Extracted information =>

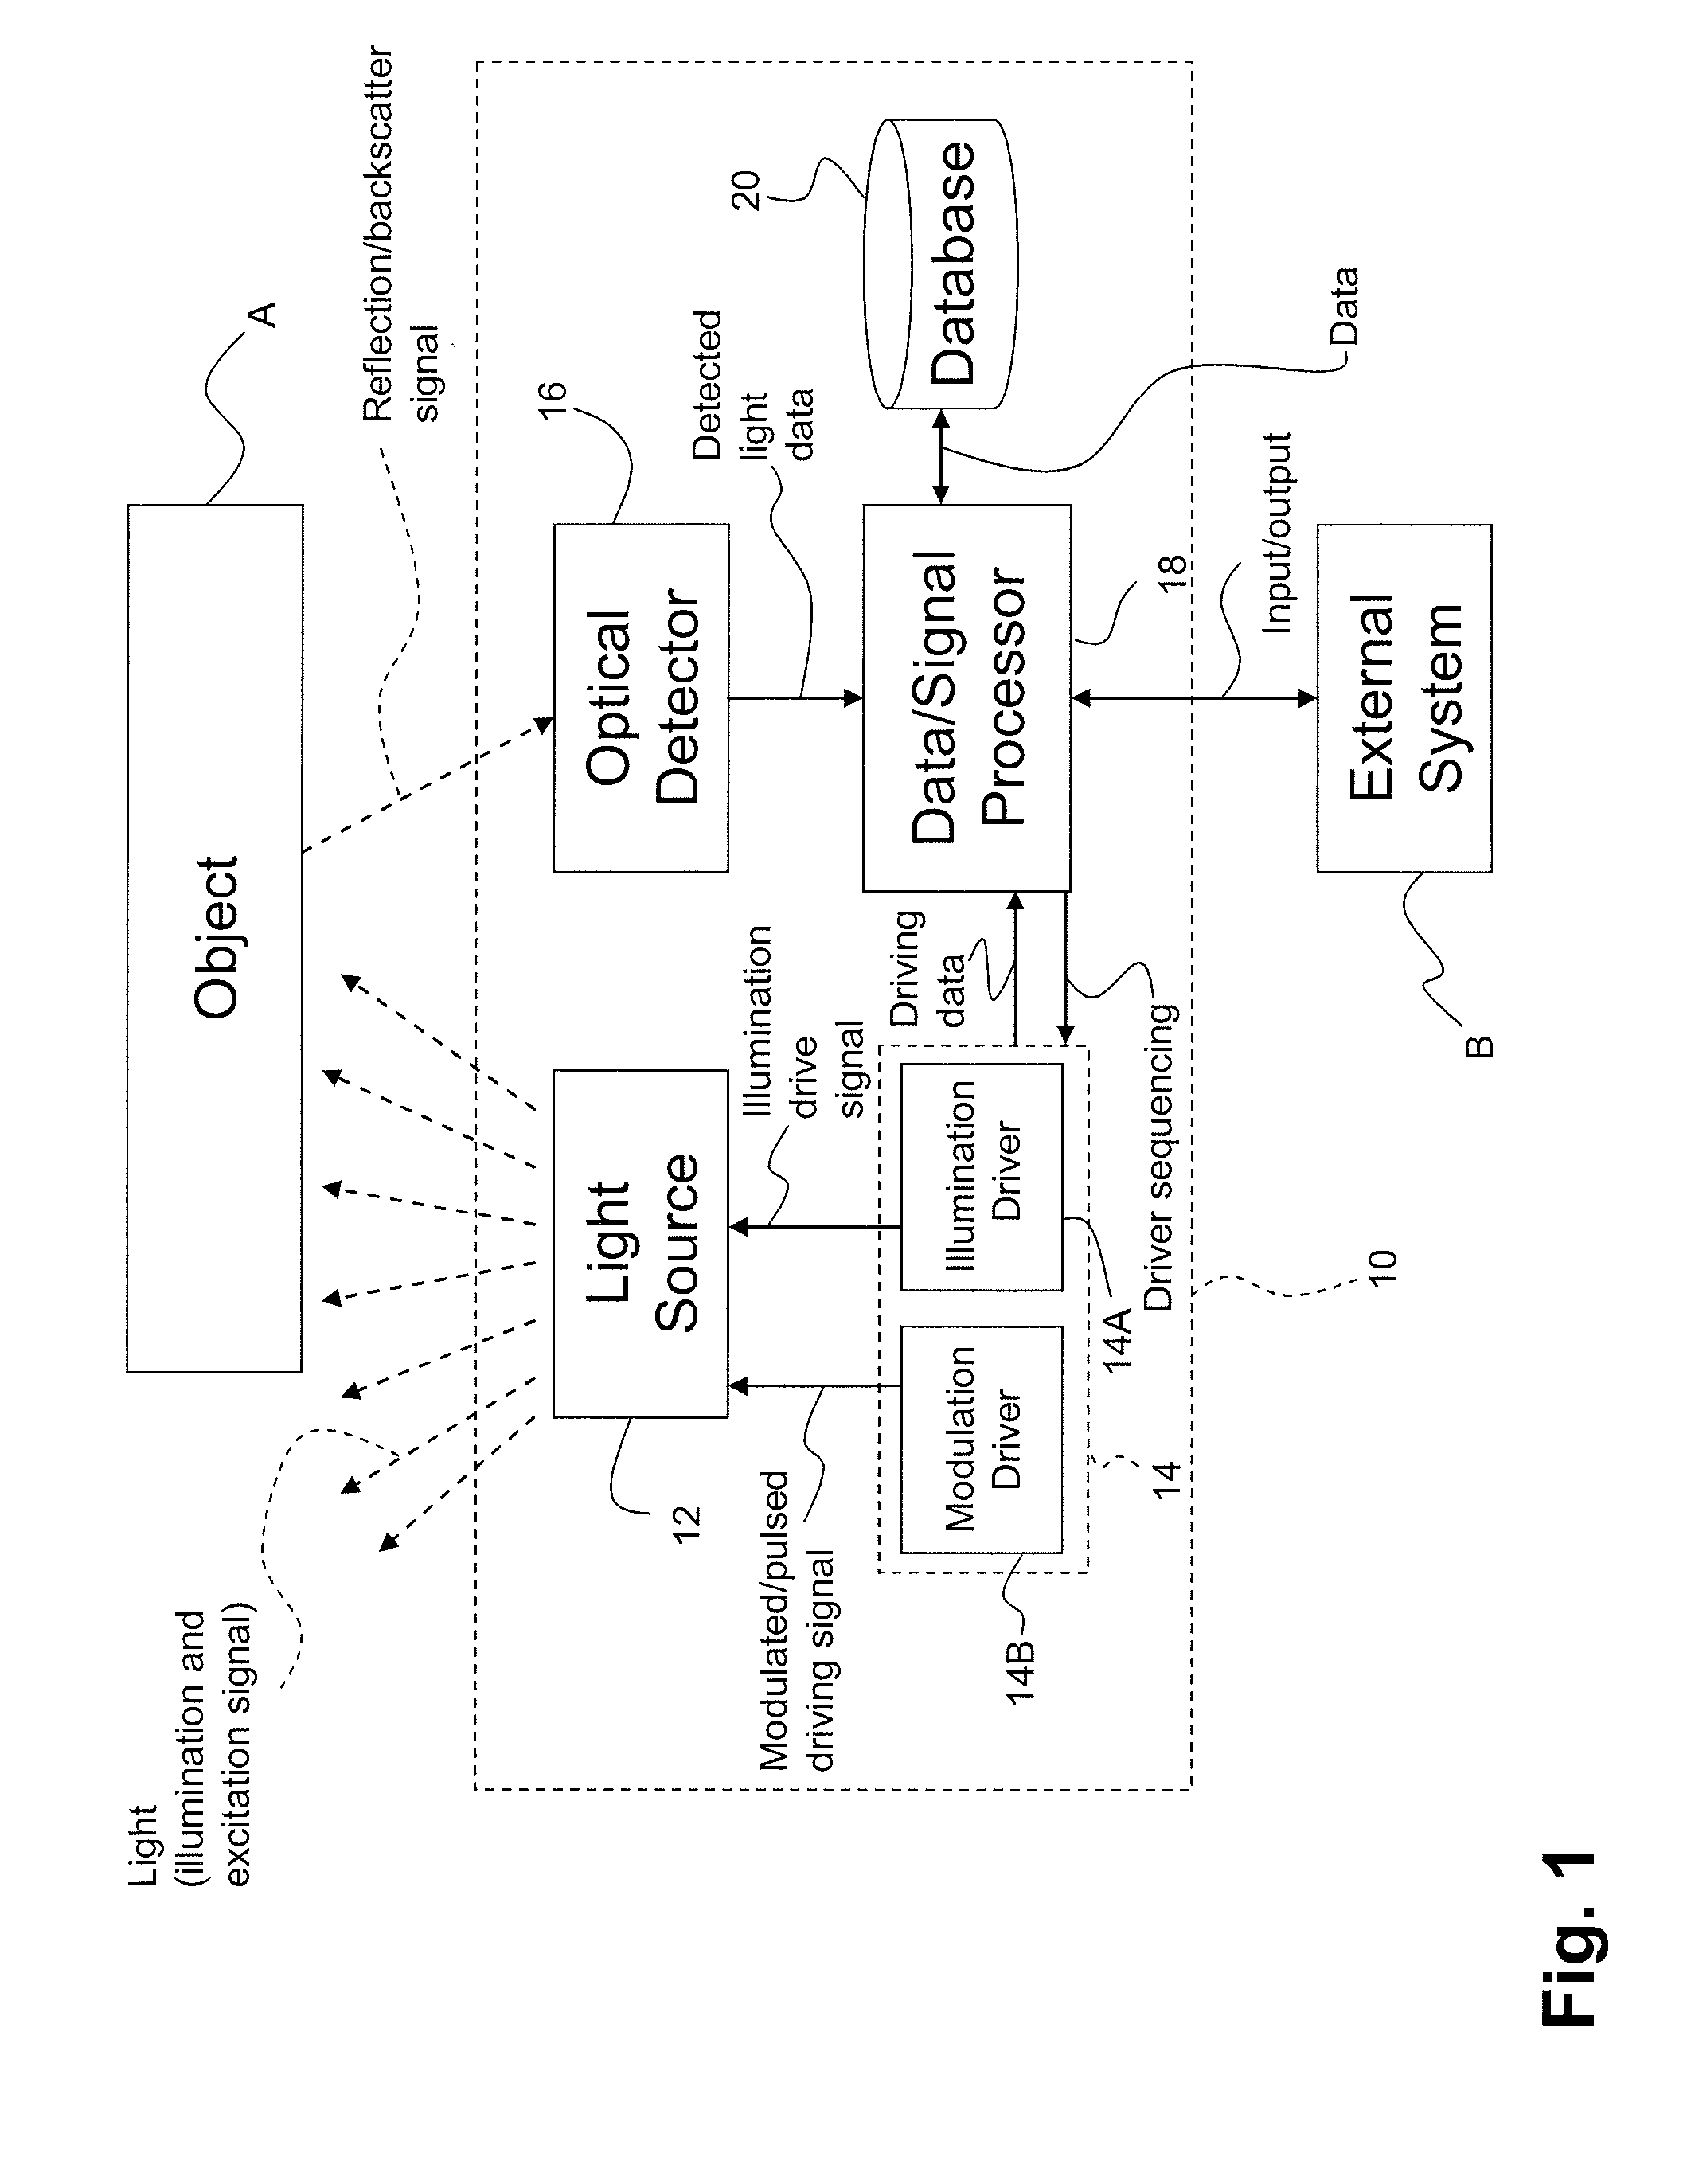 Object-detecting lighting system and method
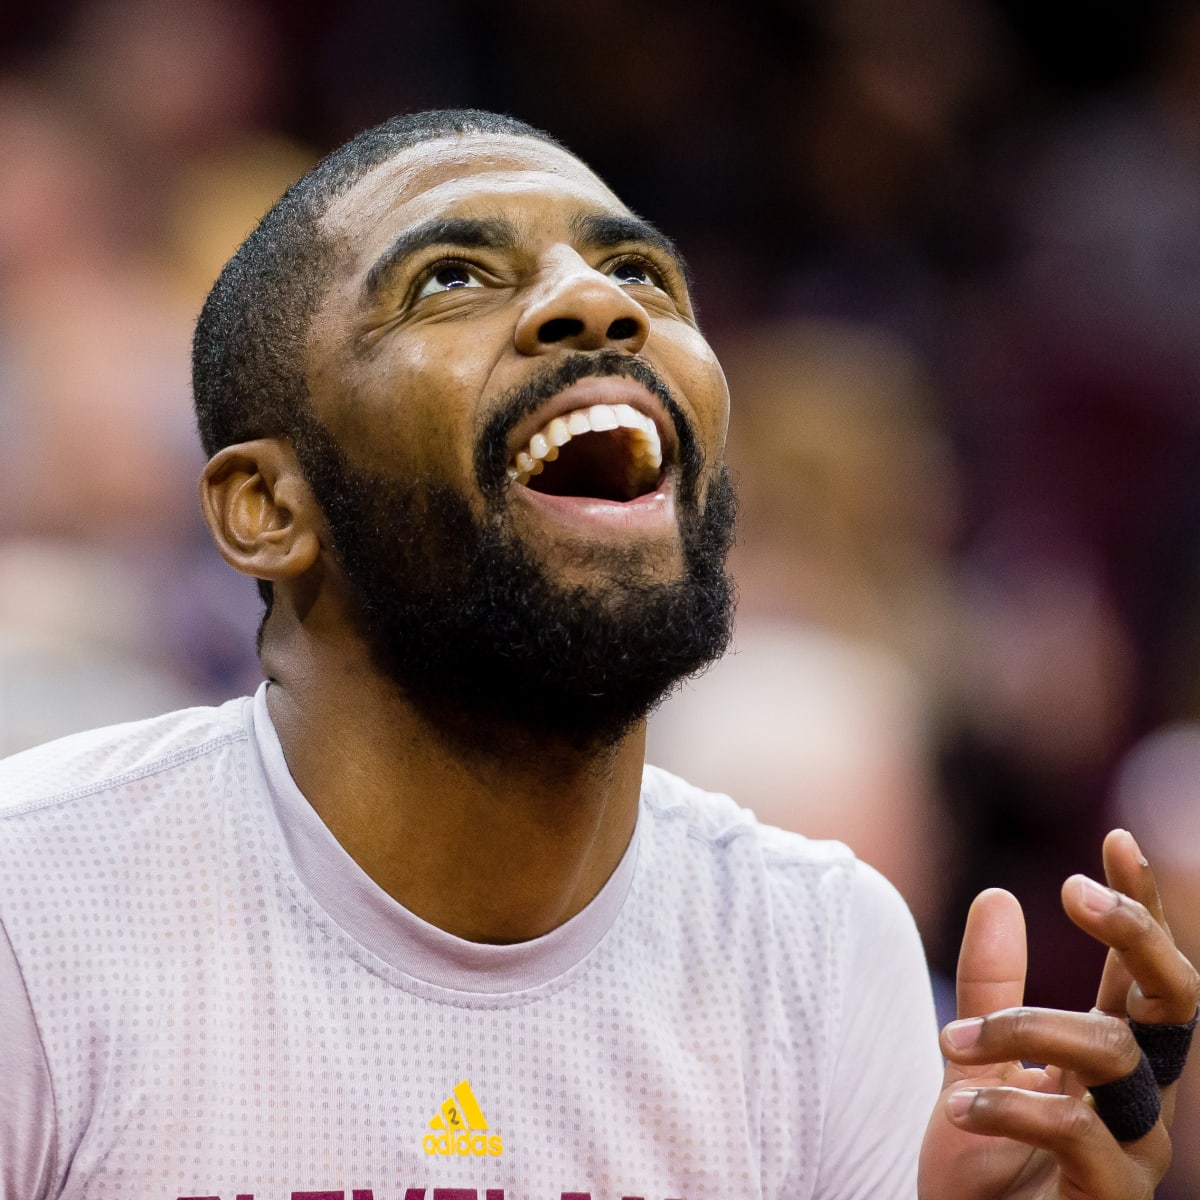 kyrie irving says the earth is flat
==
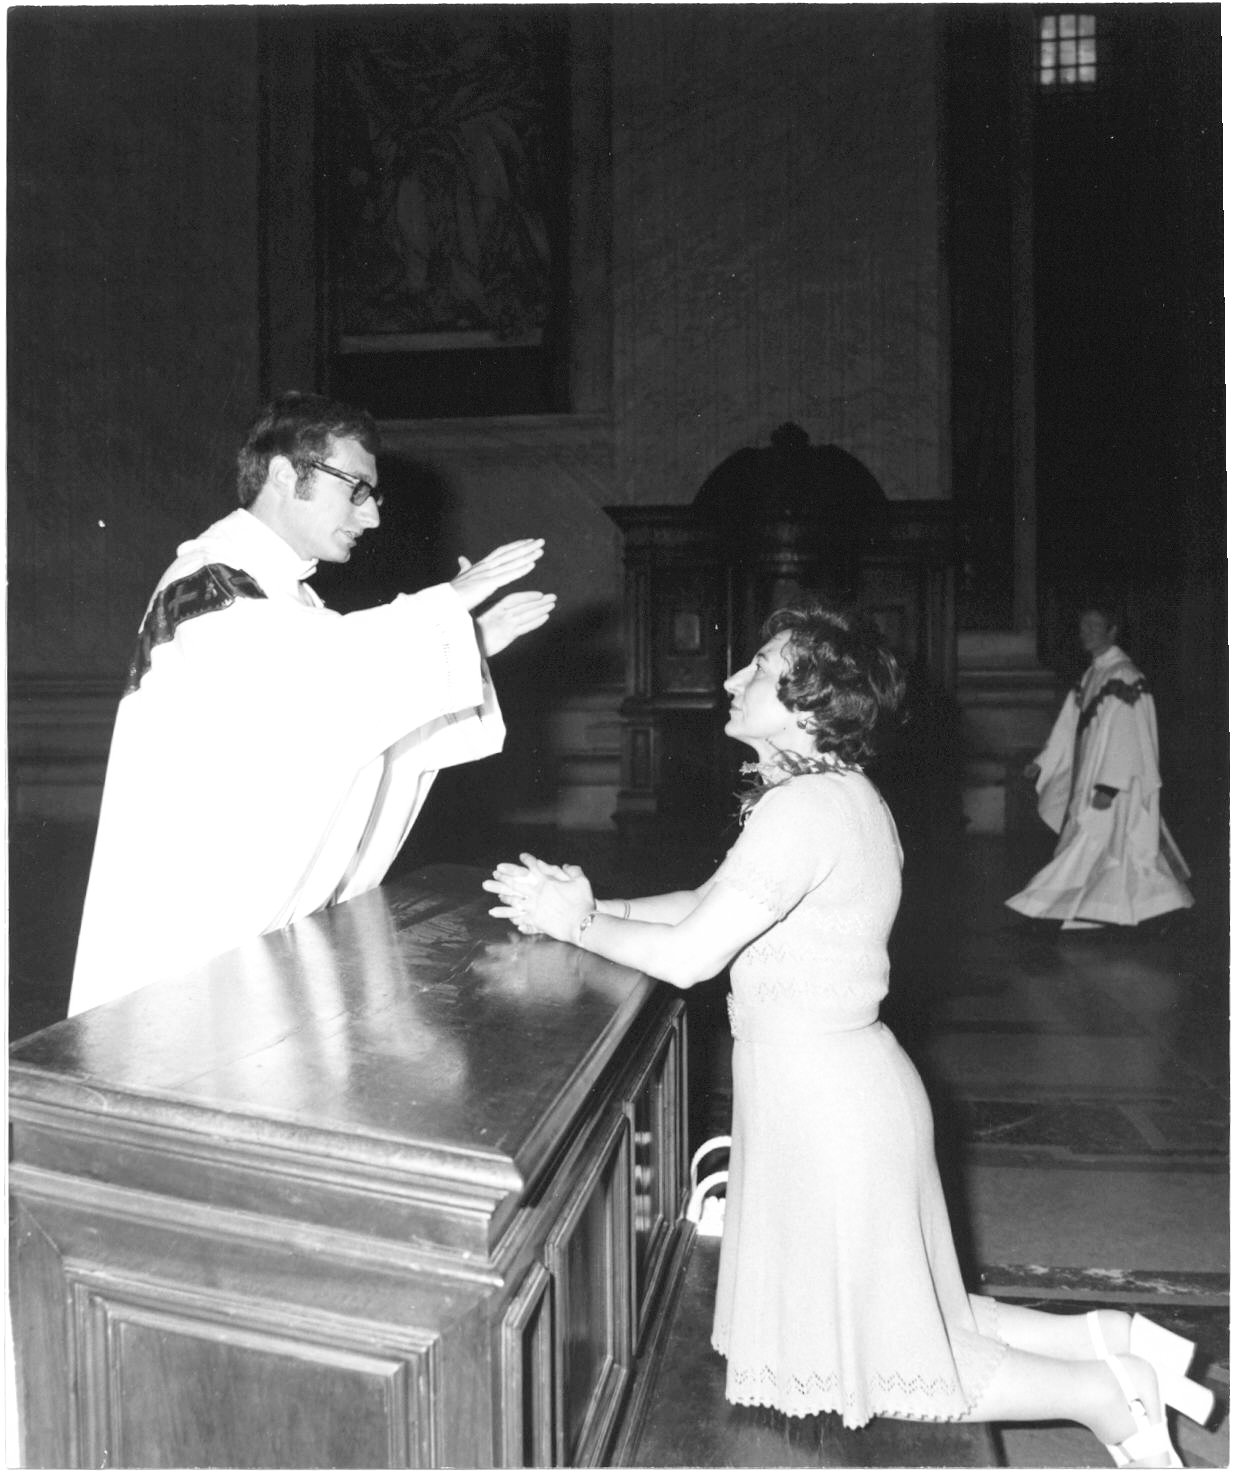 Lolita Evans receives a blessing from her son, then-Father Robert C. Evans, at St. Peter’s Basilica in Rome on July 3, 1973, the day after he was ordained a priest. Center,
...
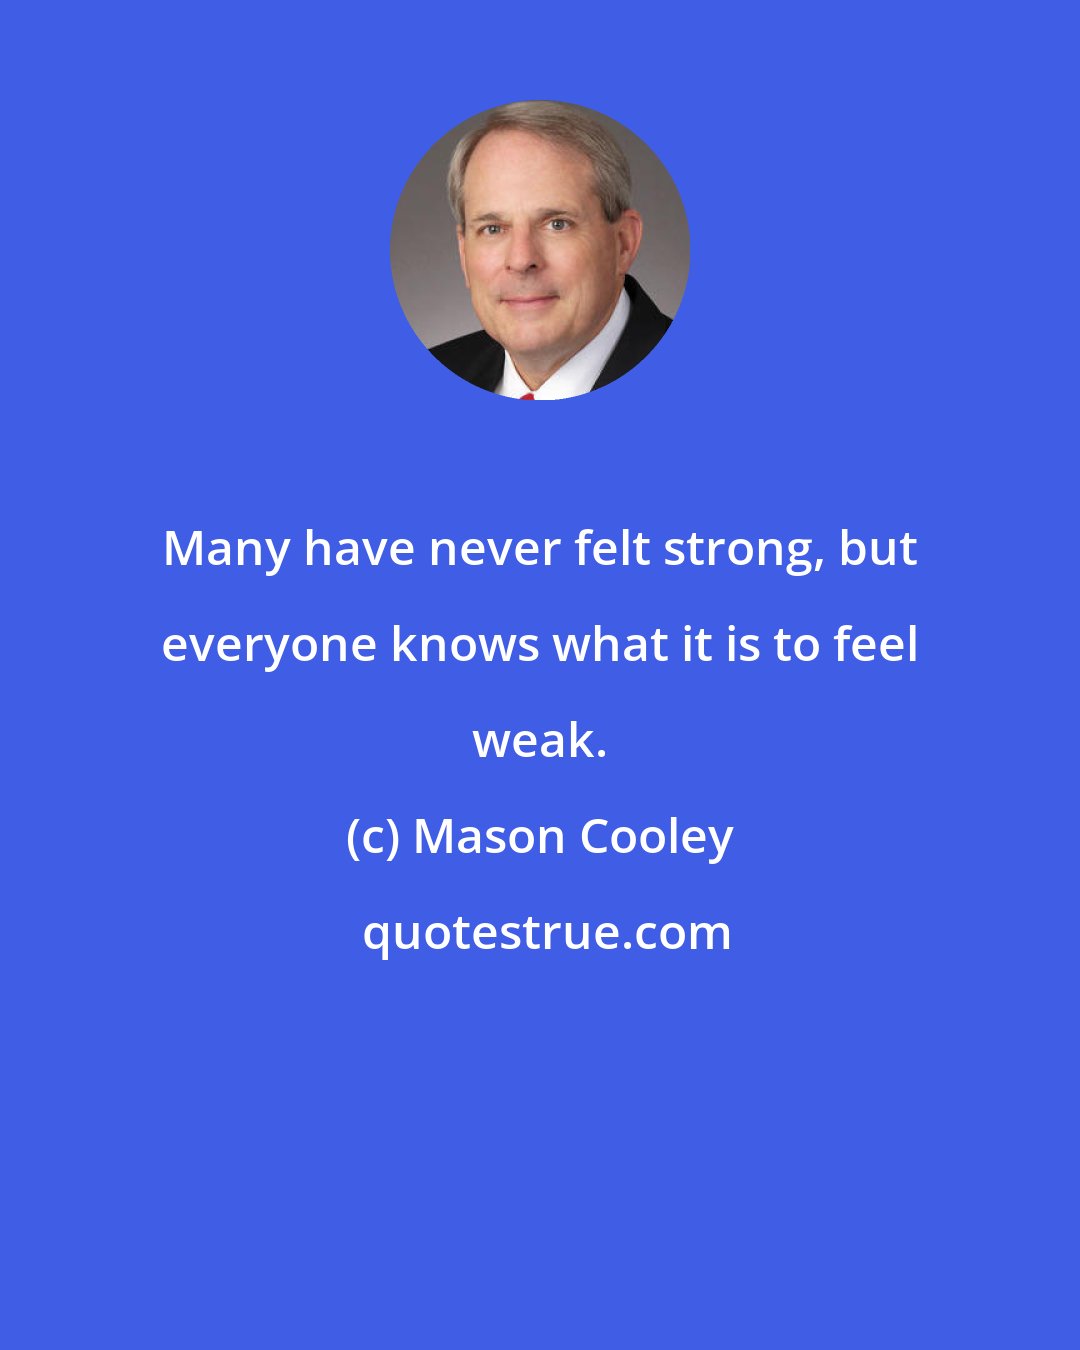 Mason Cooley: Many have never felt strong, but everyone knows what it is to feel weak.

Assignment => Everything above from the line with "Object-detecting lighting system and method" through the line with "kyrie irving says the earth is flat" should be retyped exactly, and nothing else; omit pictures.

Response to the exercise =>
 Object-detecting lighting system and method
 kyrie irving says the earth is flat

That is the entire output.